Task description >>
Exercise in exact copying: restate word for word only the lines below from the one containing "Q1 2021 Earnings Call and Webcast" through the one containing "Download Color the", omitting any pictures.

Supplied material >>
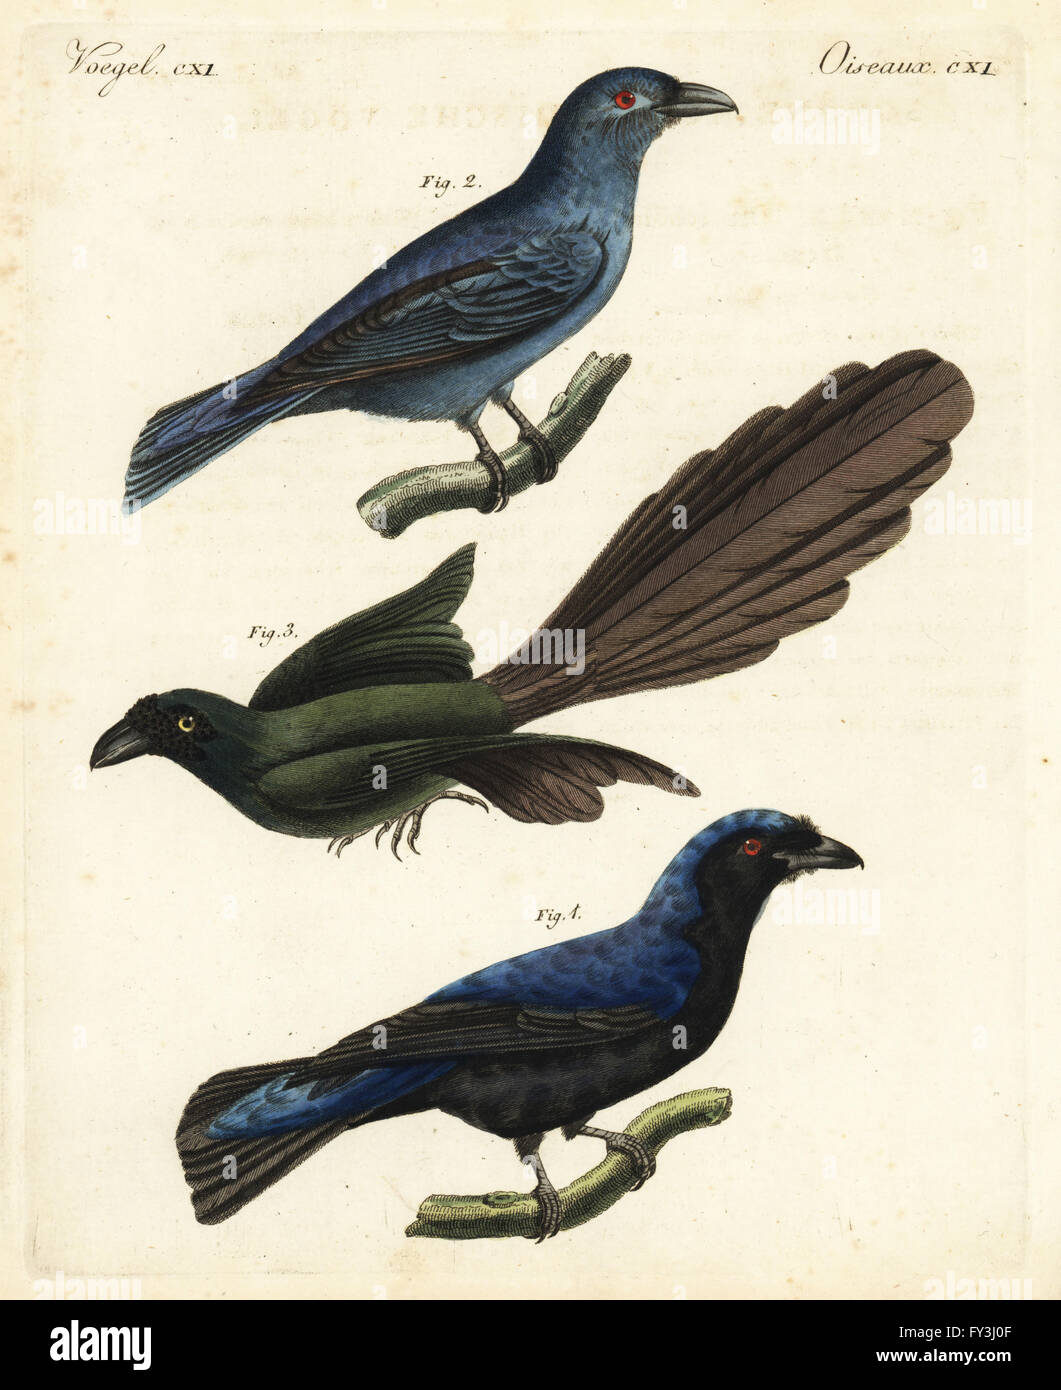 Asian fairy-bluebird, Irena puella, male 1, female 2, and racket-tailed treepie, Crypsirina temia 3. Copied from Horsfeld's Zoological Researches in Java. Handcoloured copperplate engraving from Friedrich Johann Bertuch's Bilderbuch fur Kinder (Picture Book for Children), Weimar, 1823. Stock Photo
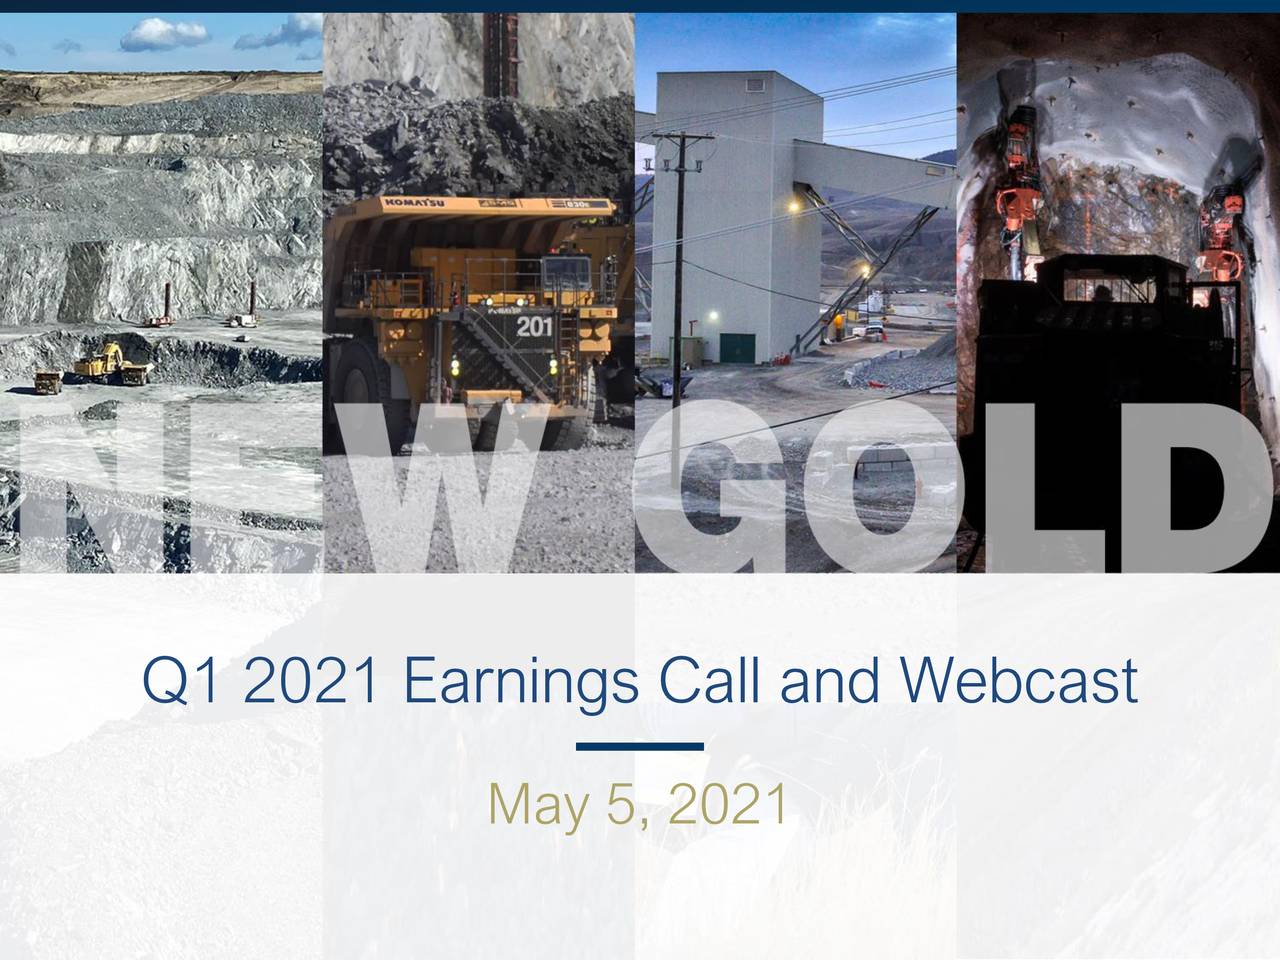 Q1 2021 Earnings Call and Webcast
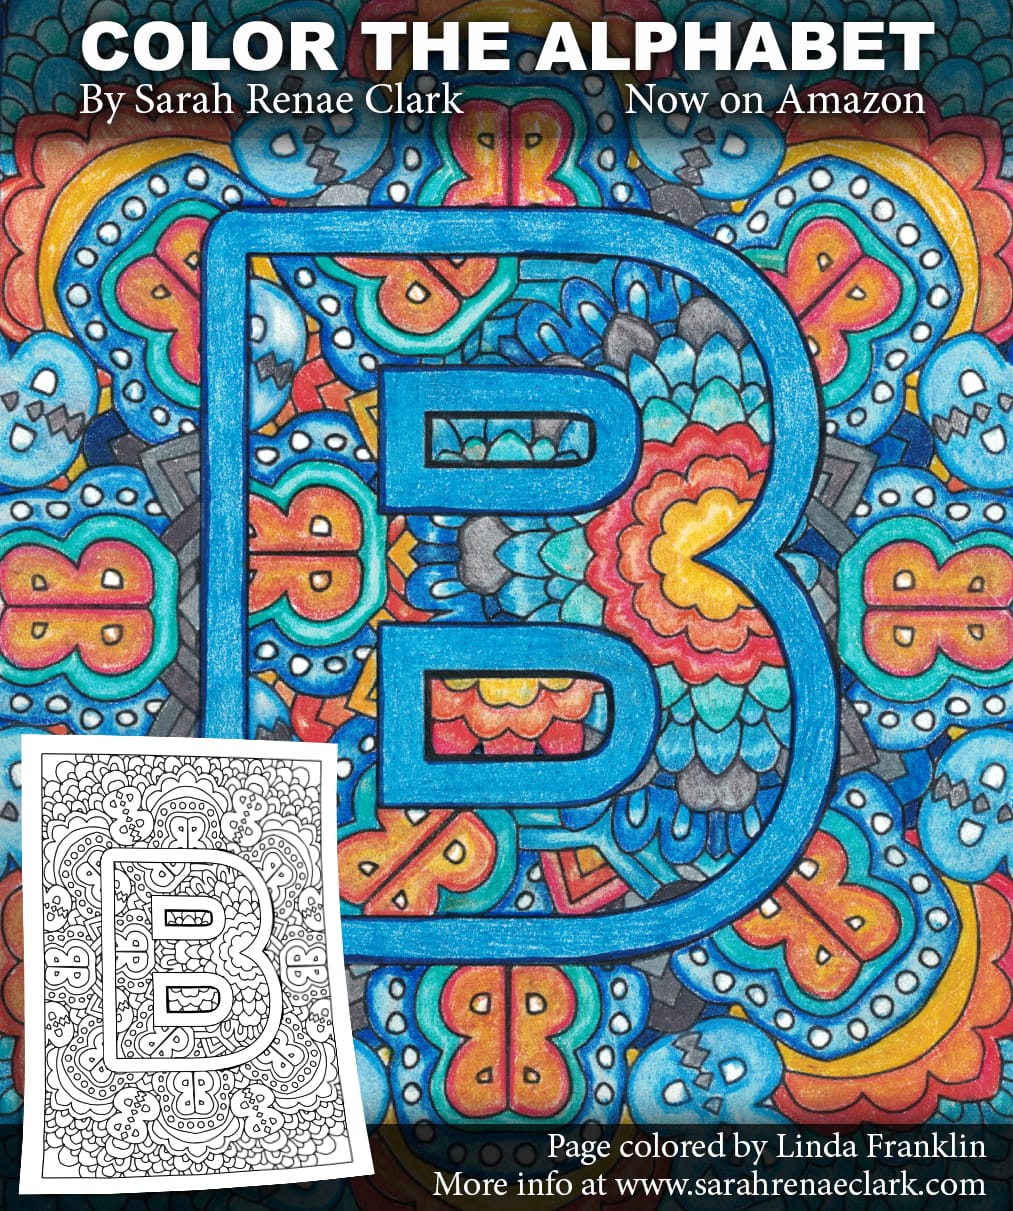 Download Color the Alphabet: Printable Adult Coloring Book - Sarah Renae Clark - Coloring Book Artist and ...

...

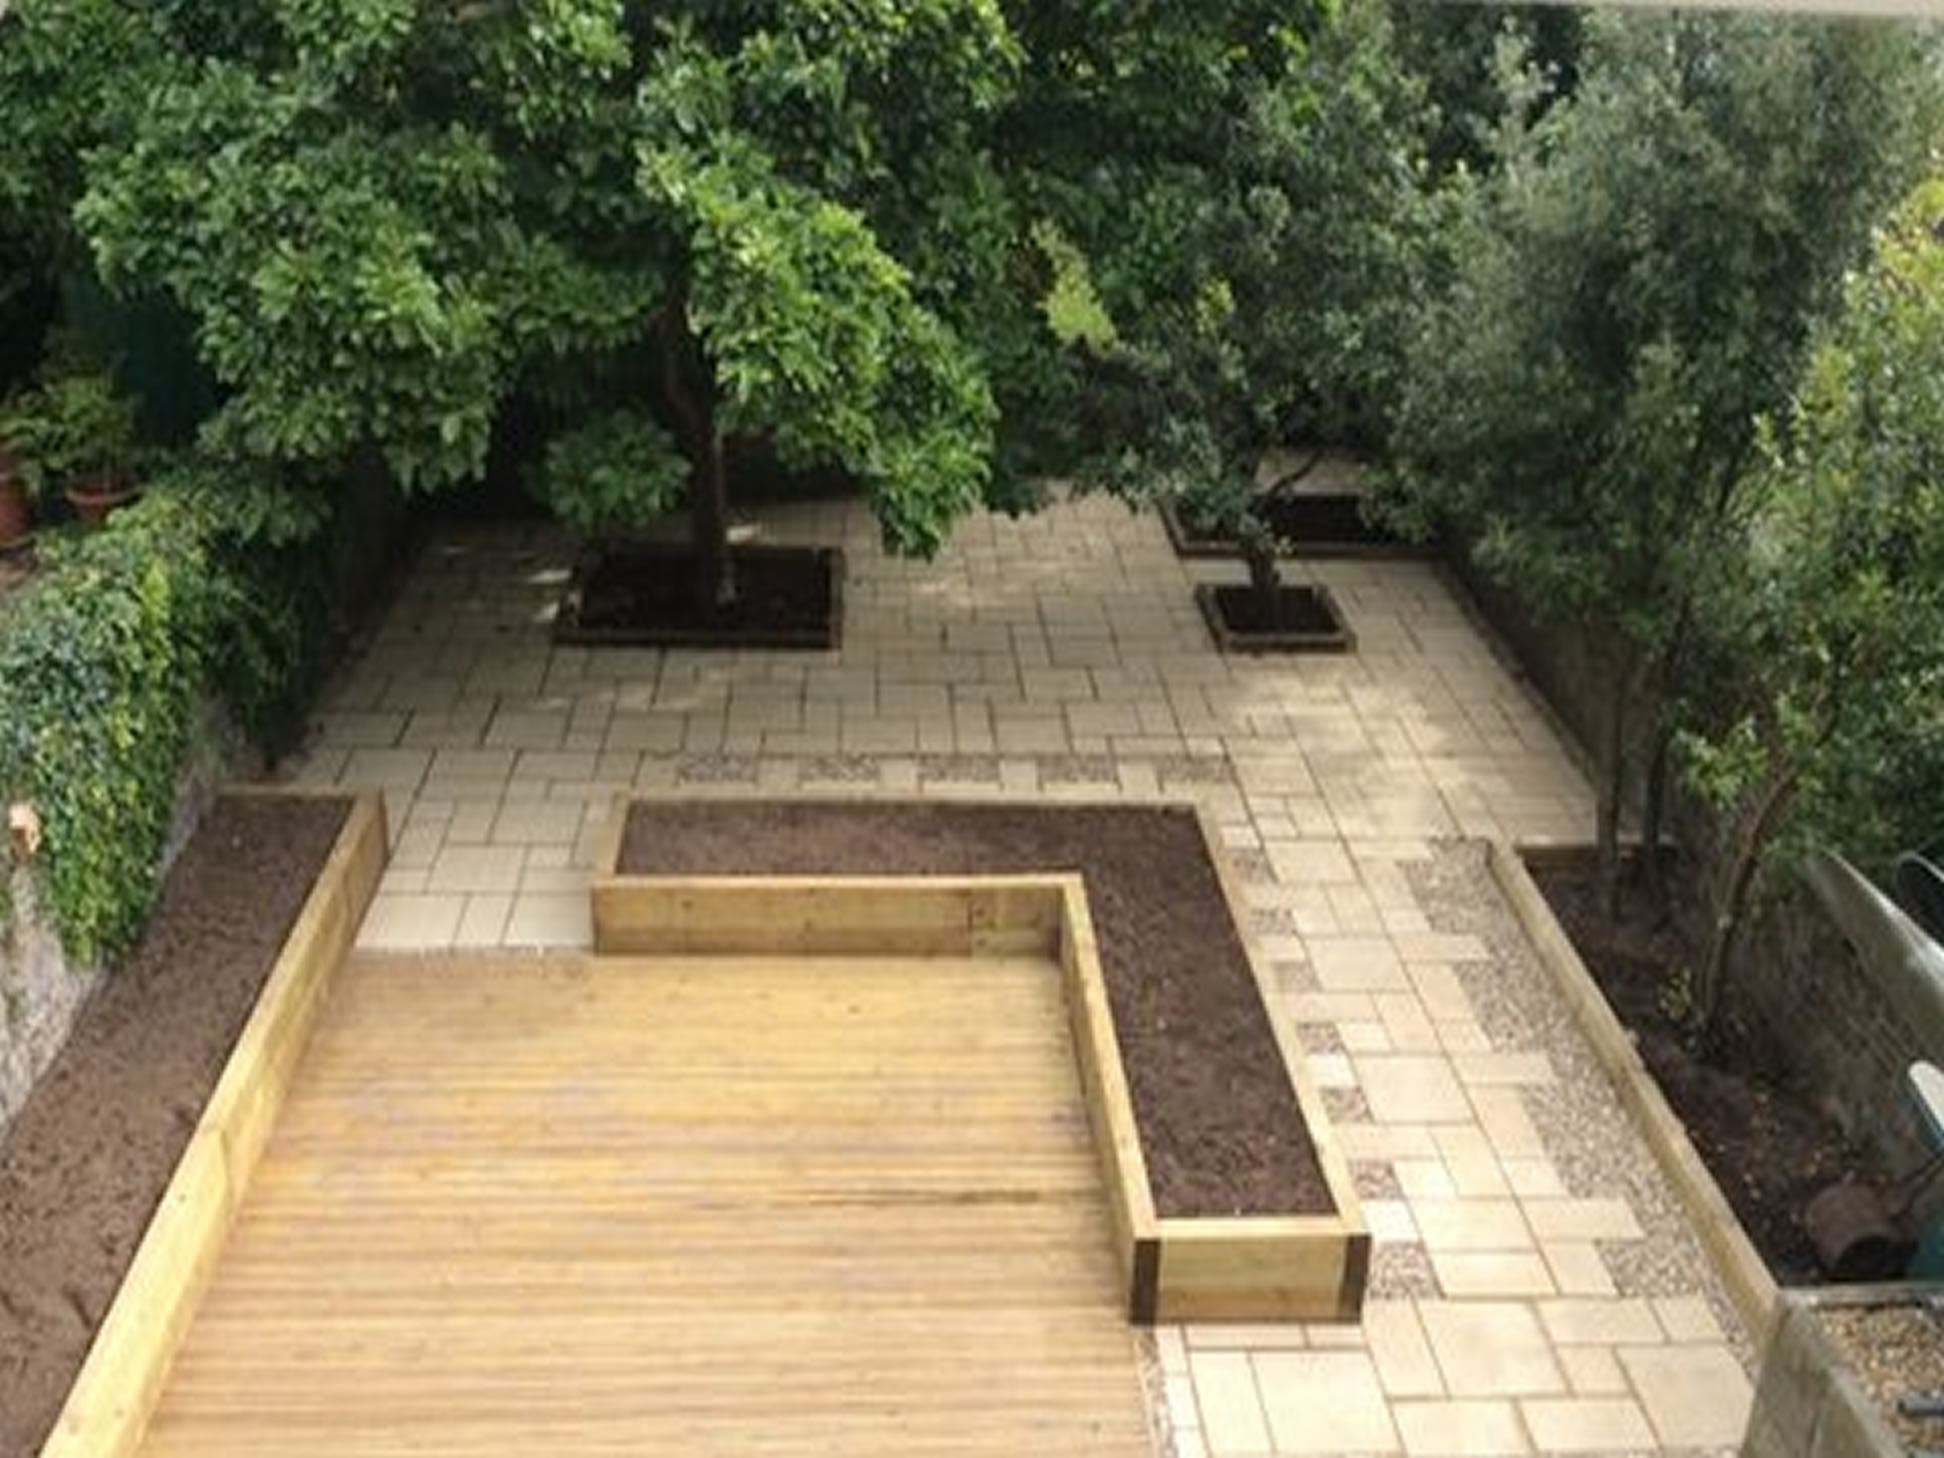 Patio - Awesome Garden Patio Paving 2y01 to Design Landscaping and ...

Answer section >>
 Q1 2021 Earnings Call and Webcast
 Download Color the Alphabet: Printable Adult Coloring Book - Sarah Renae Clark - Coloring Book Artist and ...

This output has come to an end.